Discovery can be vital
While it is certainly important to inform and educate donors about the benefits of establishing CRTs and other planned gifts, it can be equally crucial to discover trusts that donors have already created on their own.
Charitable remainder trusts are by nature irrevocable. Recall, however, that when creating a charitable remainder trust, a donor can retain the right to change the charity or charities that will ultimately enjoy the remainder. One study sponsored by the National Committee on Planned Giving (NCPG) [Planned Giving in the United States 2000: A Survey of Donors: see www.ncpg.org] revealed that some 70% of donors surveyed said they had retained the right to change the charity or charities that would receive the remainder of their trust.
When donors are creating such trusts on their own, it may be even more likely they will keep open the option to change the charity that receives the remainder.
CRT or bequest?
Due to its ability to be modified, a CRT may in reality be very similar to a bequest via a donor’s will. It comes as a surprise to no one that a bequest through a will can be changed at any time.
It may actually be easier, however, for a donor to change the remainder beneficiary of a CRT, as this may only require completing a form supplied by a financial services provider and may not even involve a fee. Consider how much more difficult and costly it may be to change the provisions of a will. Ironically, then, while a CRT itself is “irrevocable” and may be perceived as more of a “sure thing” than a bequest by a nonprofit’s management, such may not be the case.
One of the important objectives of a planned gift development effort, therefore, should be to attempt to not only discover bequest intentions and other expectancies but to also encourage donors to notify charitable recipients of their inclusion in a donor’s CRT. Once notified, the charity then has an opportunity to discuss the donor’s intentions and may be able to persuade a donor to make the charity’s remainder interest unconditional.
In the context of a capital campaign, special recognition might be given when donors name a charity as irrevocable beneficiary of a CRT. In such cases, when a donor reveals that a charity is named in a CRT, the donor may be encouraged to modify his or her trust to ensure that the charity’s interest is, in reality, not subject to change, and that recognition is then properly accorded in keeping with campaign guidelines.
Keep in mind also that Financial Accounting Standards Board (FASB) rules require that a charity report as income the present value of the remainder of a CRT in the year that it is discovered. It is not permissible to report the remainder of a CRT for accounting purposes where the donor has retained the right to change his or her mind and name another charity to receive all or a part of the remainder.
What to do?
It is important for managers of nonprofit fund development efforts to be attuned to the issues raised above. Keep in mind that when a donor checks off a box and returns a card or in some other way indicates he or she has included or would consider including a charity in her will or other estate plans, this may mean a donor has included a charity as one of the remainder interests in a CRT. The NCPG study referenced earlier reported that more than 50% of CRTs name more than one charity. If charitable remainder trusts were to name an average of five beneficiaries, that would mean there are some 580,000 individual trust expectancies to be discovered in America today.

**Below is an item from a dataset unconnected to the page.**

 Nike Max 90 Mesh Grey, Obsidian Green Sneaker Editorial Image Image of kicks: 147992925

Discovering a previously unknown remainder from a CRT offers a charitable entity the opportunity to explore various options with a donor, including the possibility of making the charity’s interest unchangeable as a condition of increased levels of recognition in a campaign or other funding efforts.

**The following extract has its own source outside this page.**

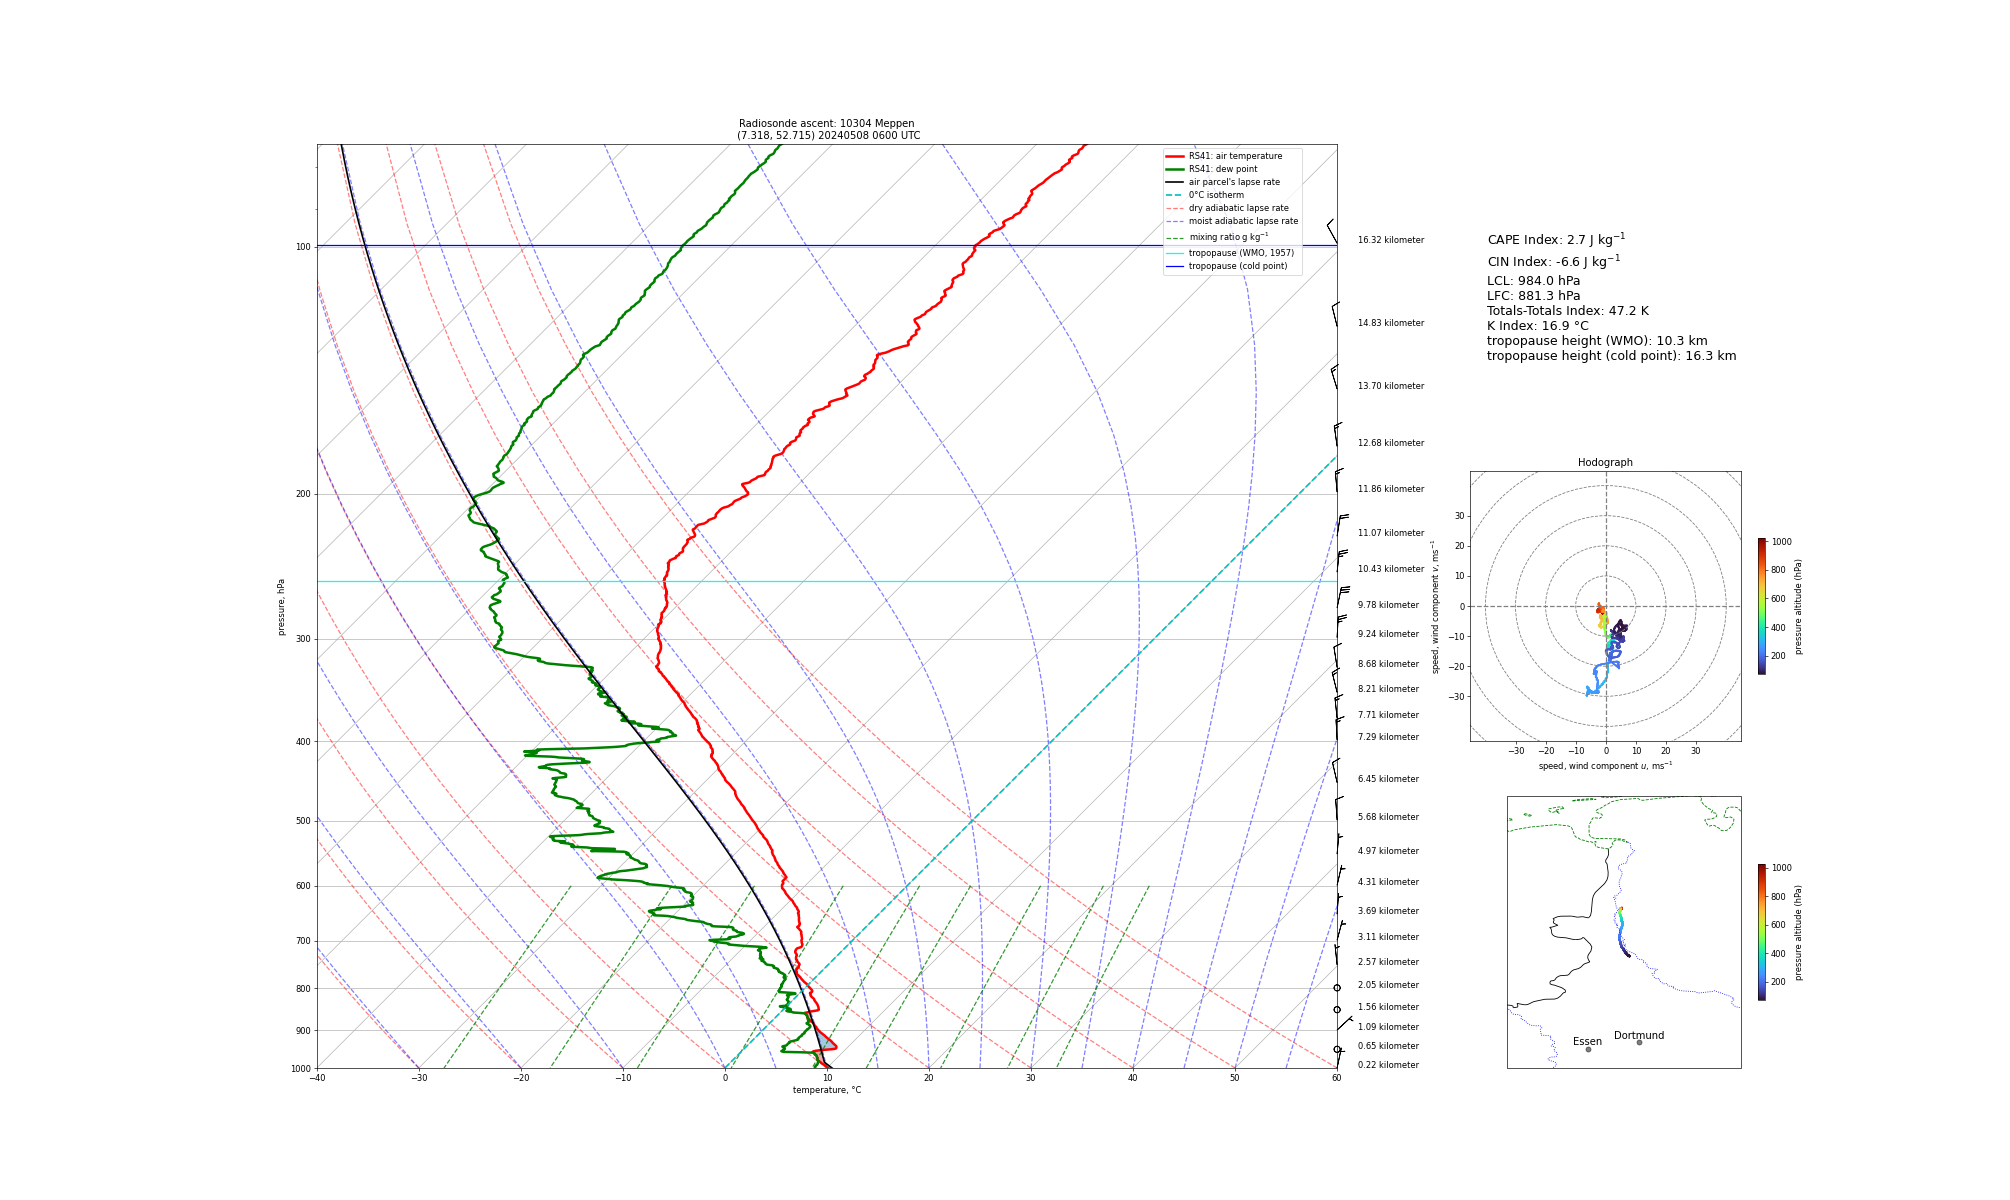 Visualisation of the radiosounding profile at Meppen at 0600 UTC

In some cases, a donor might even be in a position to waive all or a portion of his or her income interest in the trust, thereby causing a full or partial termination of the trust and the enjoyment of a major current gift by the charity.
Keep in mind that all CRTs are not created equal. There may be vast differences in their ultimate value. The wording of the beneficiary designation can make the difference between a CRT being simply a more sophisticated bequest expectancy from the charity’s perspective, or a gift that can be relied on and recognized as a permanent commitment.